# Lift Off Sound



## 1SweetRide (Oct 25, 2016)

When playing single note riffs, the string sounds when I lift my finger off the fretboard. Is there a way to prevent that?


----------



## Adcandour (Apr 21, 2013)

You can deaden the string with your right or left hand depending on what you're playing. It'll take a bit of getting used to.


----------



## 1SweetRide (Oct 25, 2016)

I think it's going to be a while before I'm that coordinated. I never noticed this when playing acoustic. Is this something particular to electrics?


----------



## Lola (Nov 16, 2014)

1SweetRide said:


> I think it's going to be a while before I'm that coordinated. I never noticed this when playing acoustic. Is this something particular to electrics?


Well yes because everything you hear is amplified. Just like Adcandour pointed out. It's just a matter of fine tuning your muting hand skills. Something that helped me was learning You shook me all night long by AC/DC! A lot of left and right hand muting. I just played the hell out of that song because I knew there was a purpose to playing a cazillion times over. 

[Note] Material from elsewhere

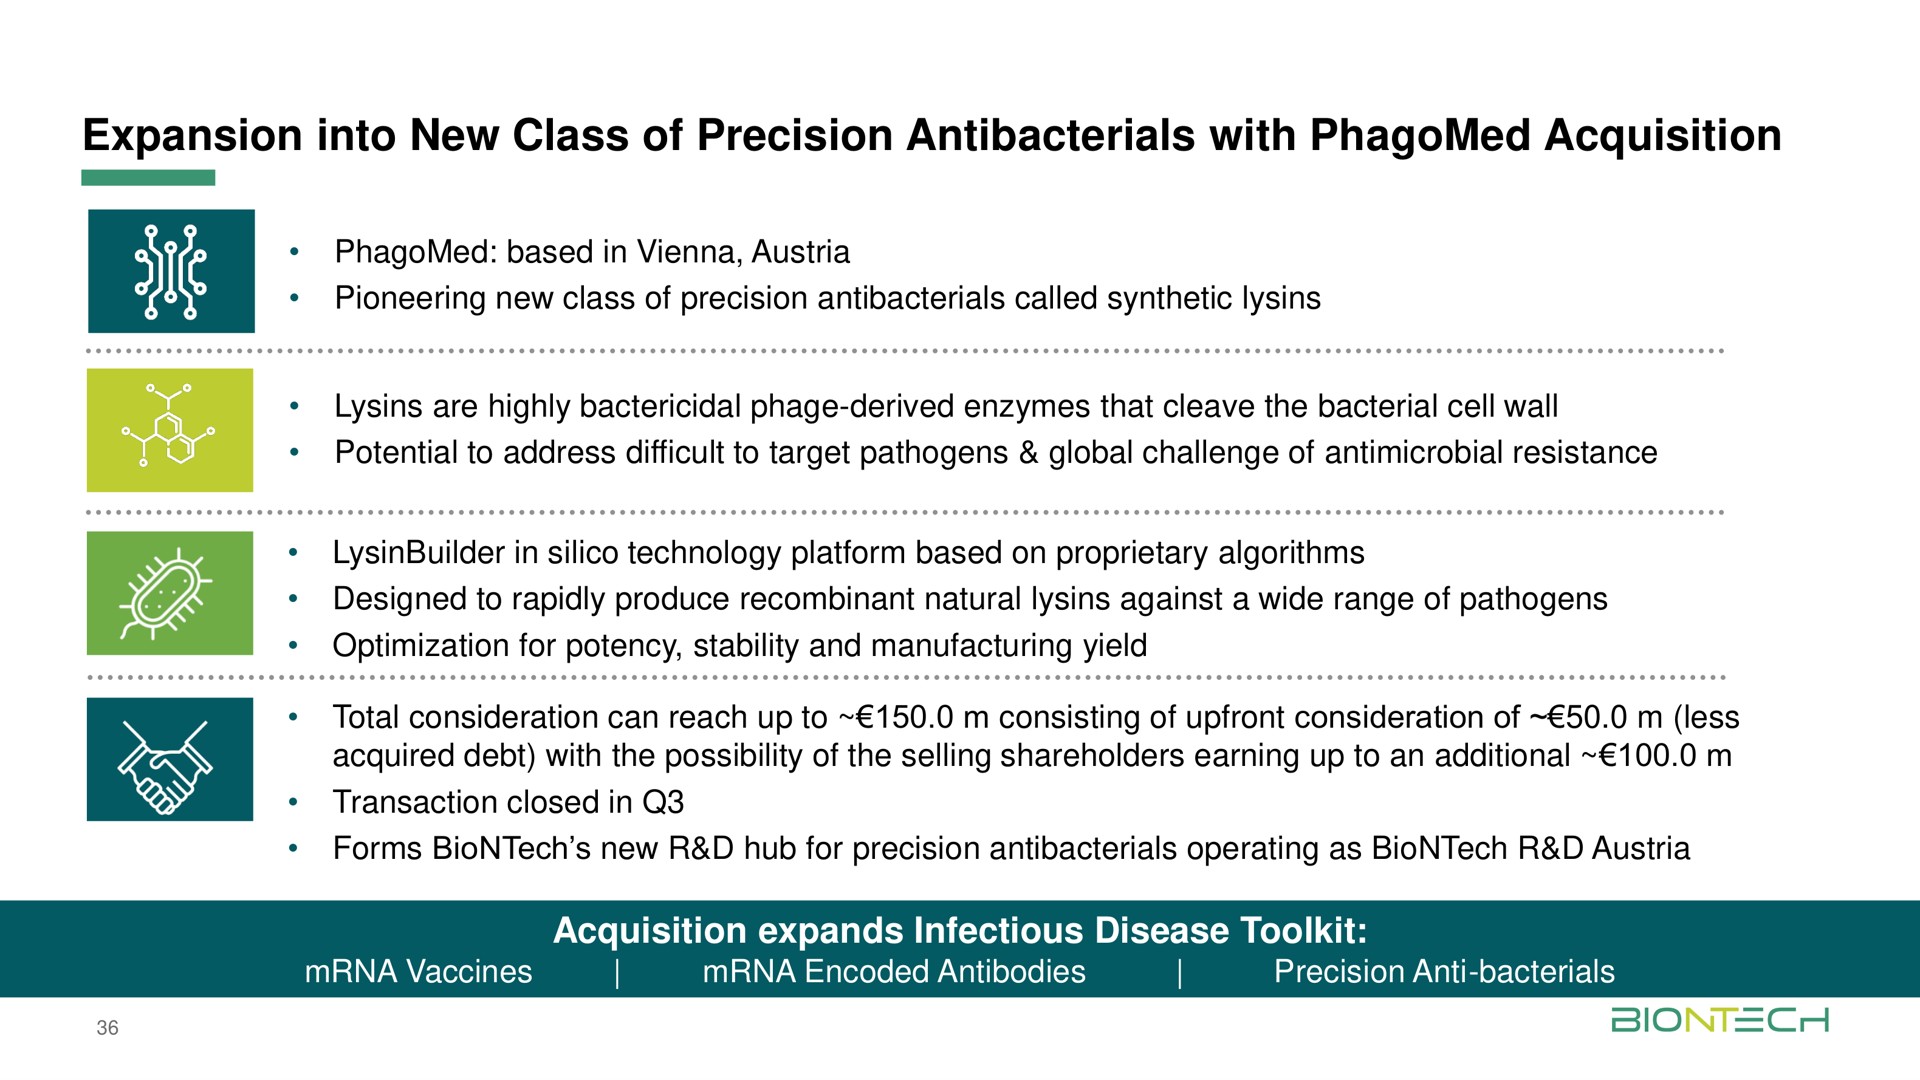 expansion into new class of precision antibacterials with acquisition acquisition expands infectious disease | BioNTech
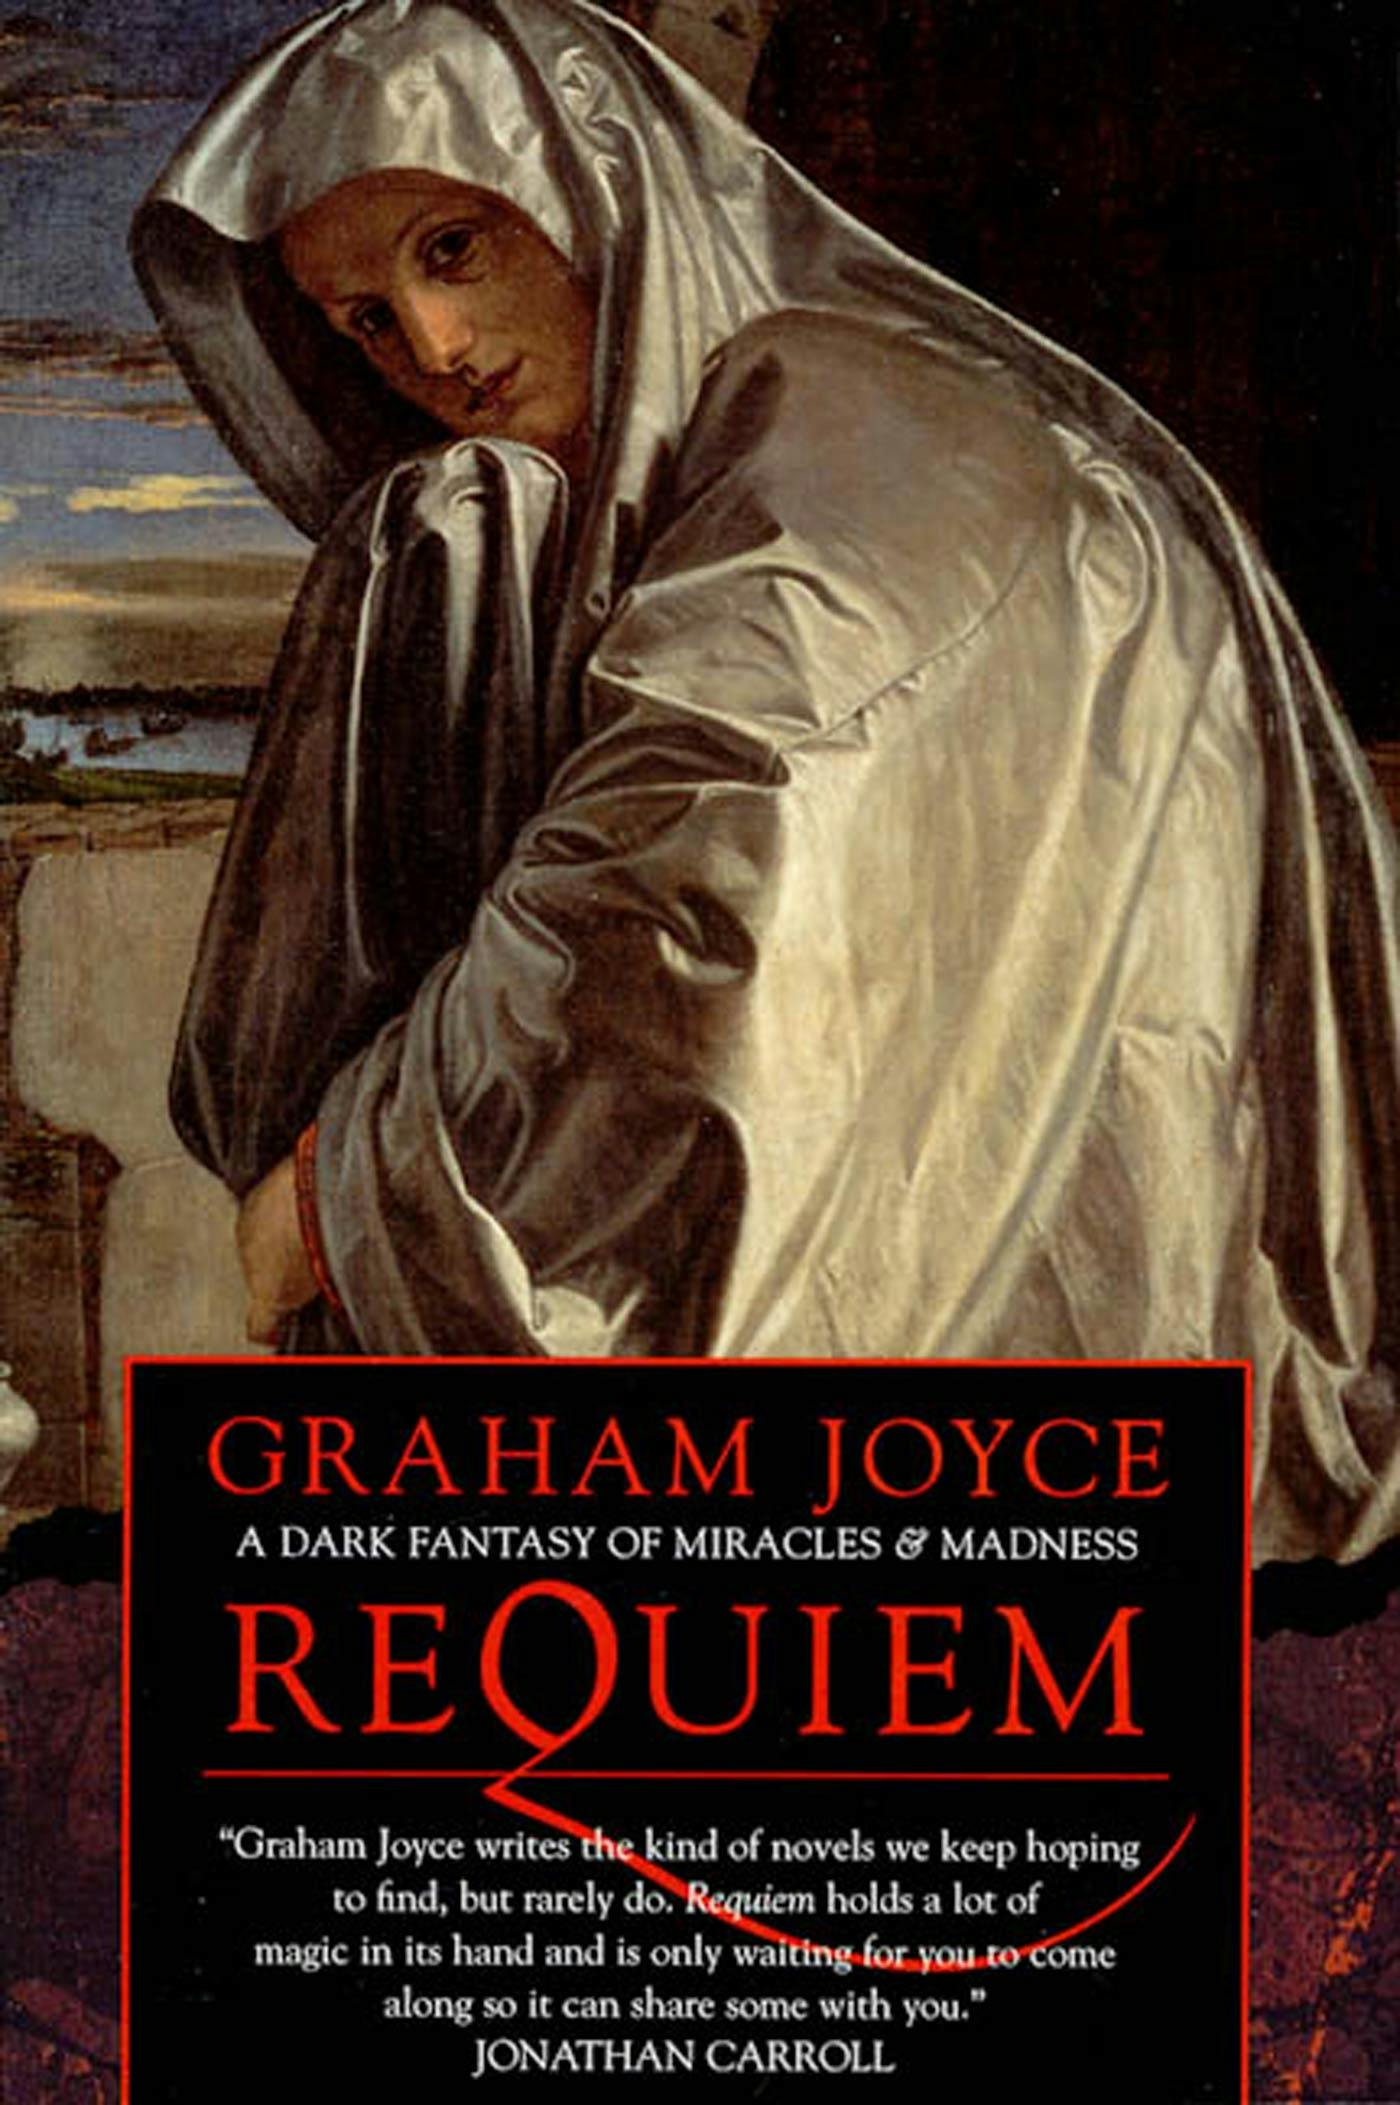 Cover for the book titled as: Requiem

Just pick something you like to play personally because it will motivate you because you like what you're playing. There are a lot of songs out there to choose from.


----------



## 1SweetRide (Oct 25, 2016)

Good advice, I'll work on this with a song I'm practicing now.


----------



## Dorian2 (Jun 9, 2015)

Yeah...put in the hours to get your muting technique(s) down, like others mentioned. It'll click faster the more time you focus on that particular thing. Good luck, once you get it you do not forget it. It becomes very natural believe it or not. And getting it to the corect tempo is also key BTW, but begin slowly and work up from there.

I'm sure you've heard that before.


----------